Darsigny v. Office of Personnel Management, 787 F.2d 1555, 1559 (Fed. Cir. 1986) dealt with a similar affidavit by "a man familiar with the history of notices included with civil service checks." It stated that "Darsigny received his annuity checks via Electronic Funds Transfer directly to his bank, that the computer generated a tape, listing all annuitants . . . which was sent to the Treasury Department who then mailed the notices according to the tape" and that "no one who received the August 1981 and April 1982 payments could have been missed. Via this procedure, notices must have been sent to Maurice Darsigny since payments for those months were made." Id. We held that this affidavit was sufficient to prove the sending of the notices. See id. Although the affidavit in Darsigny did not show the identical practices the affidavit in this case disclosed and, unlike the latter, twice referred by name to the particular annuitant involved, these distinctions do not warrant rejecting the affidavit in this case as inadequate proof that OPM mailed the notices.

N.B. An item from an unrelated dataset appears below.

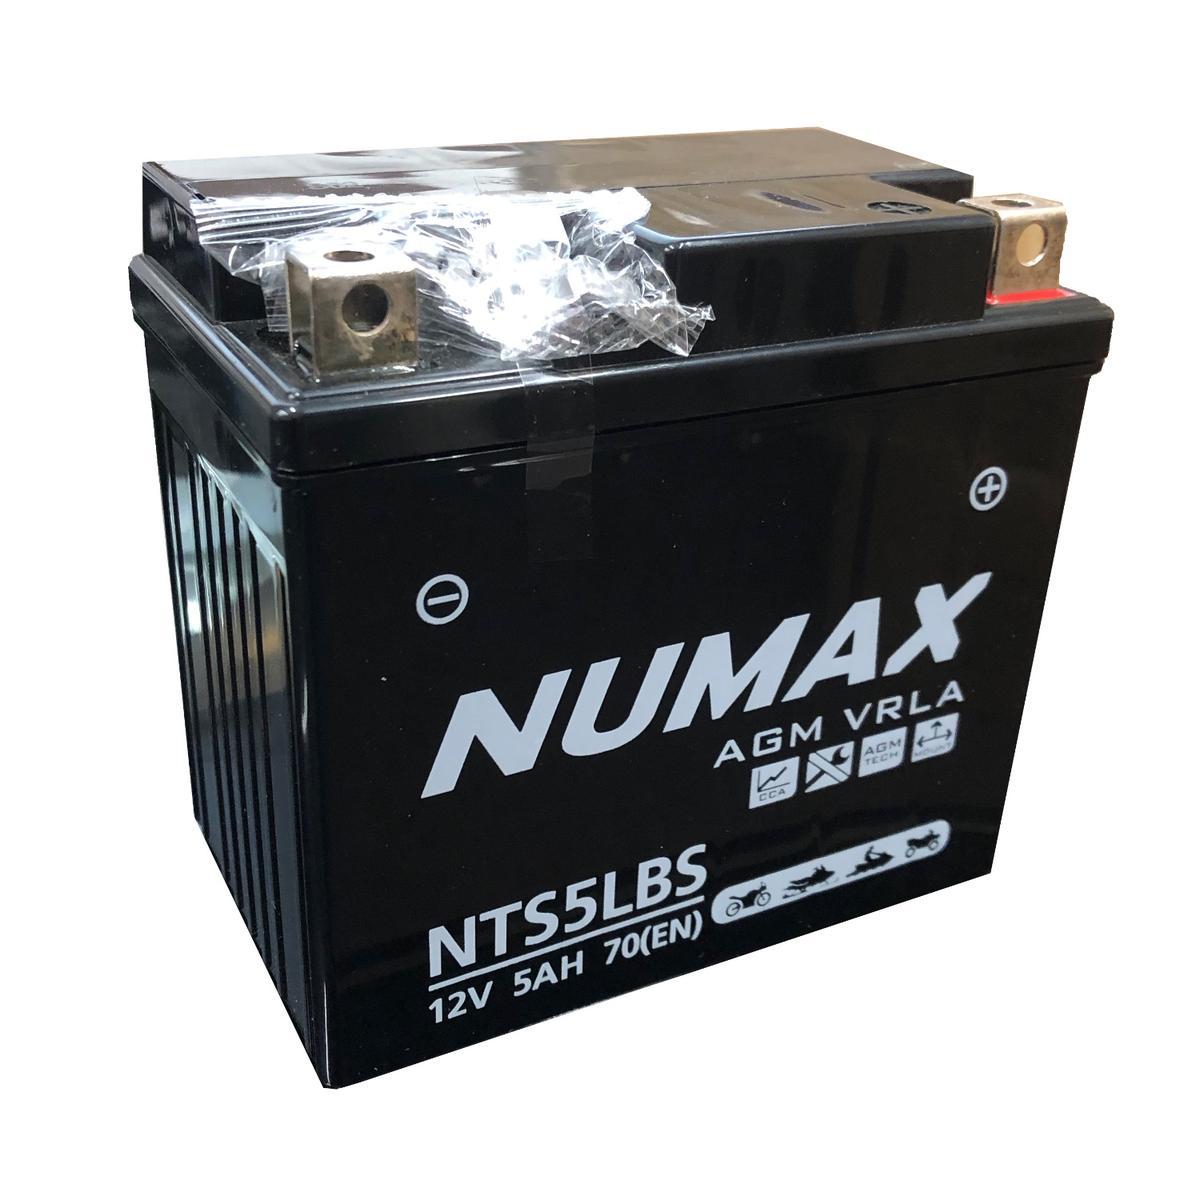 Numax 12v NTS5LBS Motorbike Motorcycle Bike Battery Replaces YTX5-LBS YTX5L-4

B. Mrs. Schoemakers contends that, even if Mr. Schoemakers received the notice, because of her husband's "mental state" at the time the notices were sent - her affidavit stated that he had "problems . . . with memory" and from "alcohol usage" - she was entitled to a waiver of the two-year statutory period for requesting a survivor's annuity. Although the Board stated that Mr. Schoemakers' "mental condition . . . appears to have interfered with his ability to read and understand the OPM notices that he received," it correctly held that Mrs. Schoemakers was not entitled to a waiver of the filing deadline.
The statute unambiguously states that to obtain a survivor's annuity the annuitant must file with OPM "a signed writing . . . within two years after such employee . . . marries." 5 U.S.C. § 8339(k)(2)(A). Nothing in either the language or the legislative history even suggests, much less indicates, that Congress intended to permit waiver of the filing deadline because of the annuitant's mental condition.

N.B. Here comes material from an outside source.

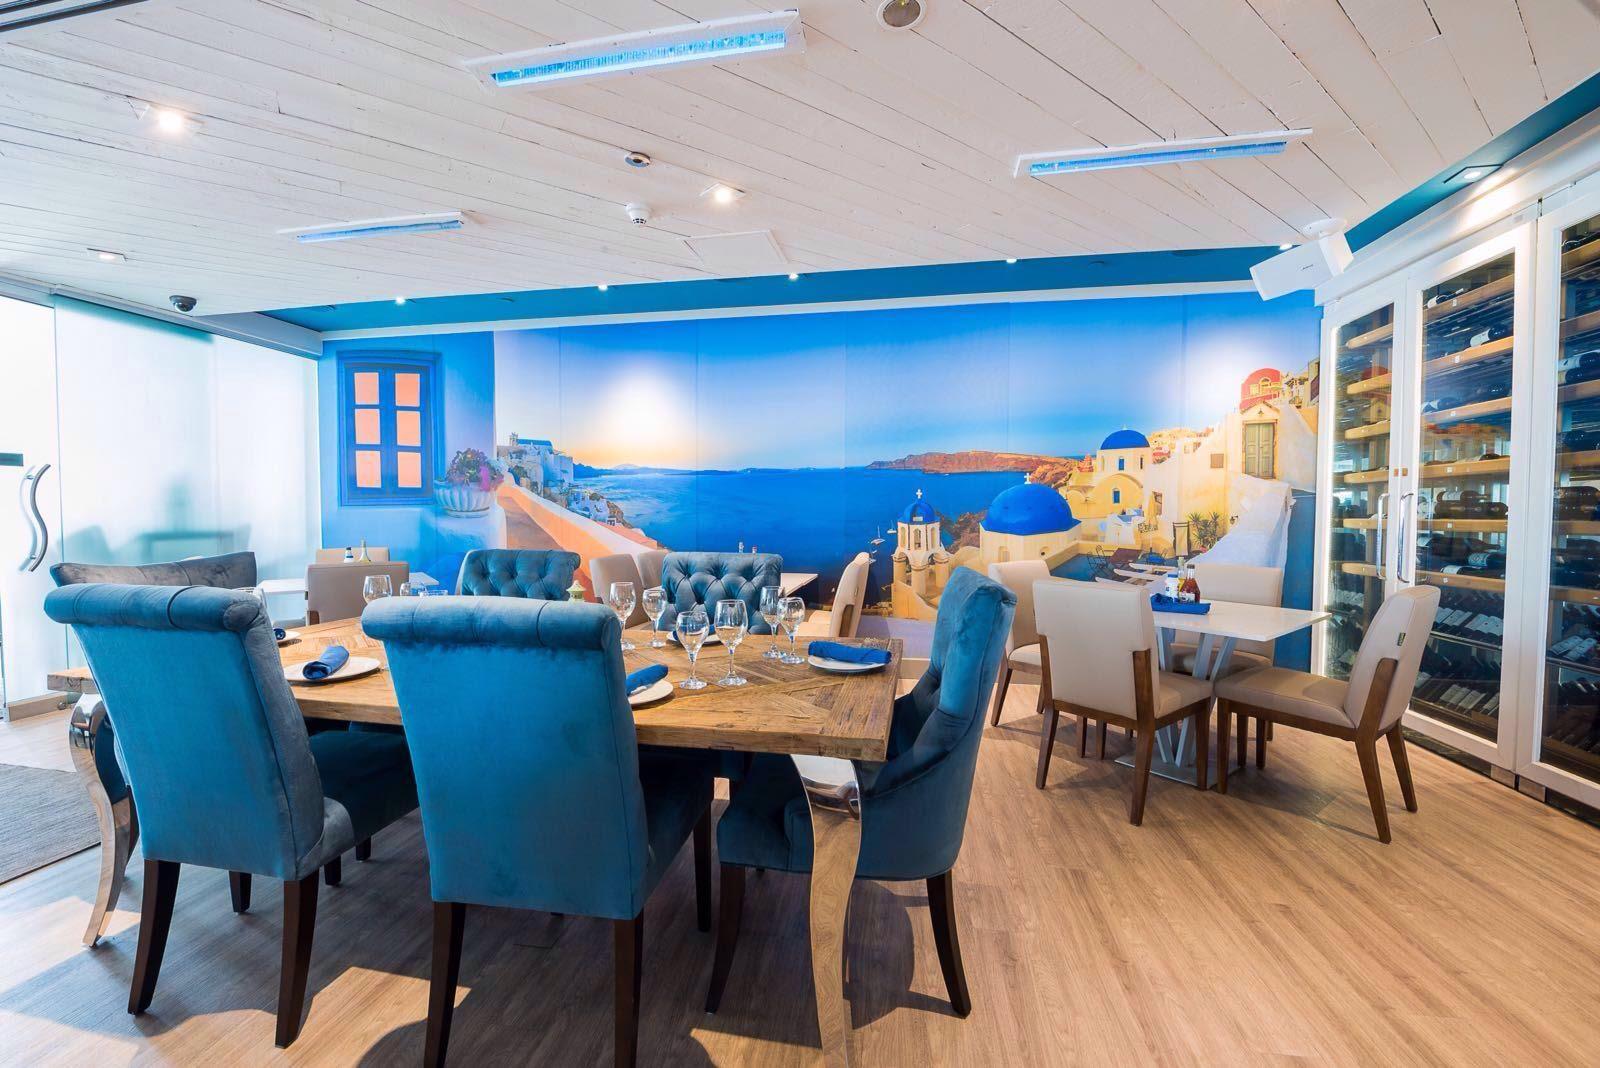 Santorini Restaurant Merrick Menu

Where Congress intended to permit the waiver of filing deadlines for government annuitants because of their mental problems, it explicitly so provided. Under 5 U.S.C. § 8337(b), an application for a disability annuity must be "filed with [OPM] before the employee . . . is separated from the service or within 1 year thereafter." Congress further provided that
"[t]his time limitation may be waived by [OPM] for an employee . . . who at the date of separation from service or within one year thereafter is mentally incompetent[.]" Id.

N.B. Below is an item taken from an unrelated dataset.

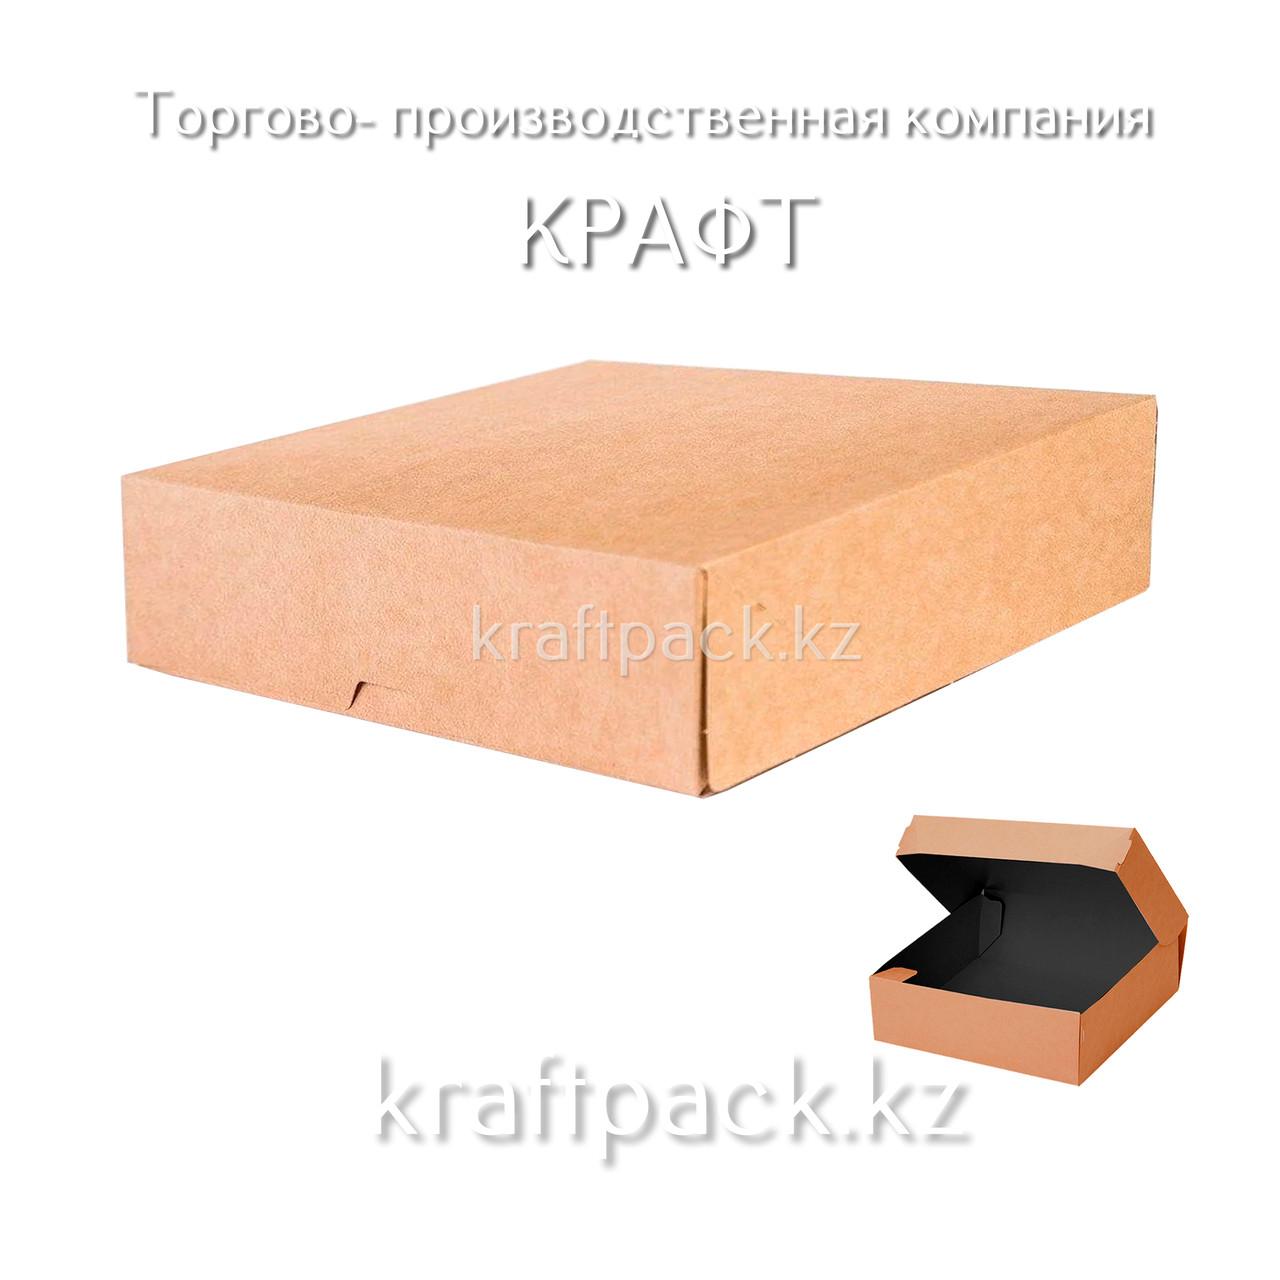 (Eco Tabox PRO 1500 BE) Коробка (Без окна) 200*200*40 Black Edition DoEco (25/125)

Like the Board's administrative Judge, we sympathize with Mrs. Schoemakers' plight. Neither courts nor administrative agencies, however, have the authority to waive requirements (including filing deadlines) that Congress has imposed as a condition to the payment of federal money. See Crown v. United States R.R. Retirement Bd., 811 F.2d 1017, 1020 (7th Cir. 1986) (quoting Gressley v. Califano, 609 F.2d 1265. 1267 (7th Cir. 1979) ("A congressional mandate to pay statutory benefits . . . leaves no discretion in the agencies and courts but to limit the payment of benefits to those entitled to them.")). In § 8339(k)(2)(A), Congress provided that an unmarried federal annuitant who marries may provide a survivor's annuity for his spouse only if he applies therefore within two years of marriage. Since Mr. Schoemakers did not do that, the Board correctly refused to provide Mrs. Schoemakers with a survivor's annuity.